Discussion in 'Dealing With Multiple Losses' started by Kenzee, May 4, 2020.

  1. Kenzee

    Kenzee New Member

    Hello to everyone reading this!
    I am 25 and at times feel like I should be able to cope with the loss of my mother from breast cancer in 2008, and my best friend from an overdose in 2015 at this point. Whenever the month of their passing comes (mom in May and best friend in November) it completely effects me even subconsciously. At times, if I experience something that reminds me of them I just start crying uncontrollably. I know it will always be hard thinking of their sudden passing... and not having them here in my life as I wish they could be, but I don’t know how I’m supposed to get control of my grief even years and years later. I feel it still effects me so much and I wish I could find a way to cope with the loss so it stops destroying me.
     
  2. David Hughes

    David Hughes Well-Known Member

    Kenzee,

    Love the picture with you and the dog. We have two black cats, one a street cat, we adopted both from the shelter. Animals, we all need them, they know us so much better than ourselves ever can.

    I am saddened by the remembrance of your mother during this month. Sometimes anniversaries are the hardest time to move beyond each year. I know I will always miss my parents, they did so much for my step-brother and two sisters. So when you feel bad for these special moments in time it is natural. I hope you have many moments to look back upon for your mom and your best friend.

    Grief can come and go.

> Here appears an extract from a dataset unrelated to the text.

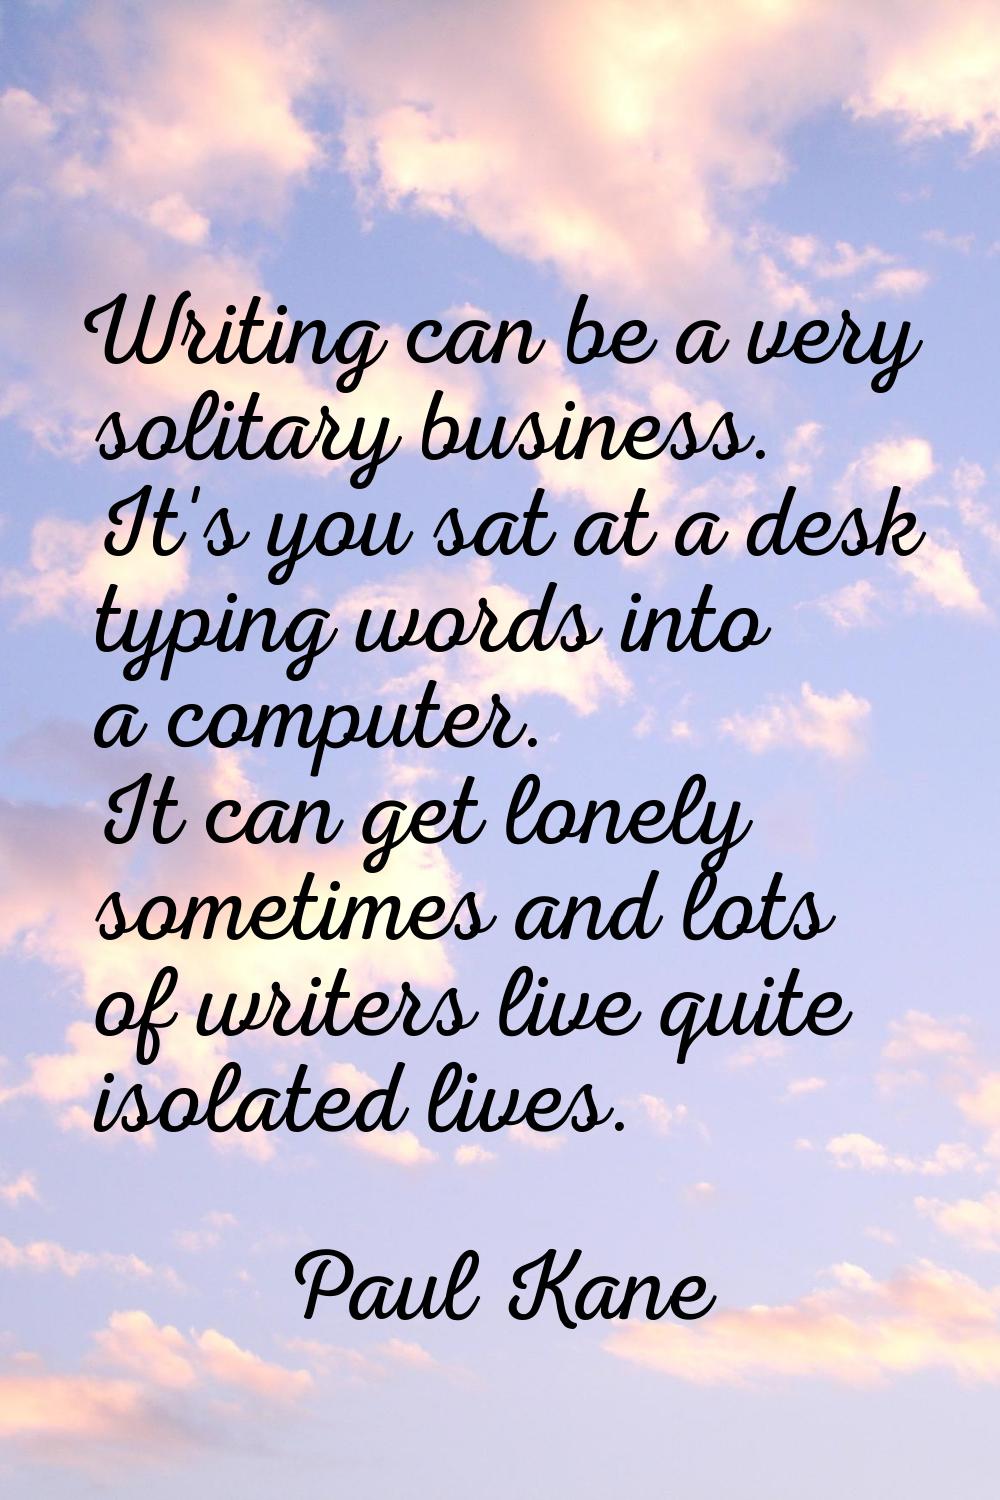 Writing can be a very solitary business. It's you sat at a desk typing words into a computer. It ca

Sometimes all it takes is an item, a location, a special word(s) or some other thing to set us off.

    I hope your melancholy will gently pass eventually. Just make sure to watch out for your well being during this time. Please never give in to despair which can lead to depression. Peace be with you.

    -david

    I hope you like this melody

     
  3. Dave B.

    Dave B. Member

    Sorry for your loss and heartache, Kenzee. I’ve had a similar experience. I lost my brother to an overdose almost two years ago, and just recently lost my dad. Anything can make me break down. Just the other day, I saw a dish of Lifesavers and started sobbing, because my dad used to carry around Lifesavers in his pocket all the time. As I type this, I’m wearing a T-shirt my brother gave me, so I can feel a little closer to him.

    I don’t know the answer for your grief. I wish I did ... for you and me and everyone going through it. But it sounds like you have incredible strength in going on for these past 12 years. And it’s heartening that you still care about your mom and friend, even though it hurts. I hope I also feel so strongly about my loved ones 10 years from now.

    One thing that has helped me, too, is therapy. It really helps me untangle my messy emotions and start to heal. It’s great you are reaching out on here, and I’d highly recommend doing the same with a professional who can offer even more support.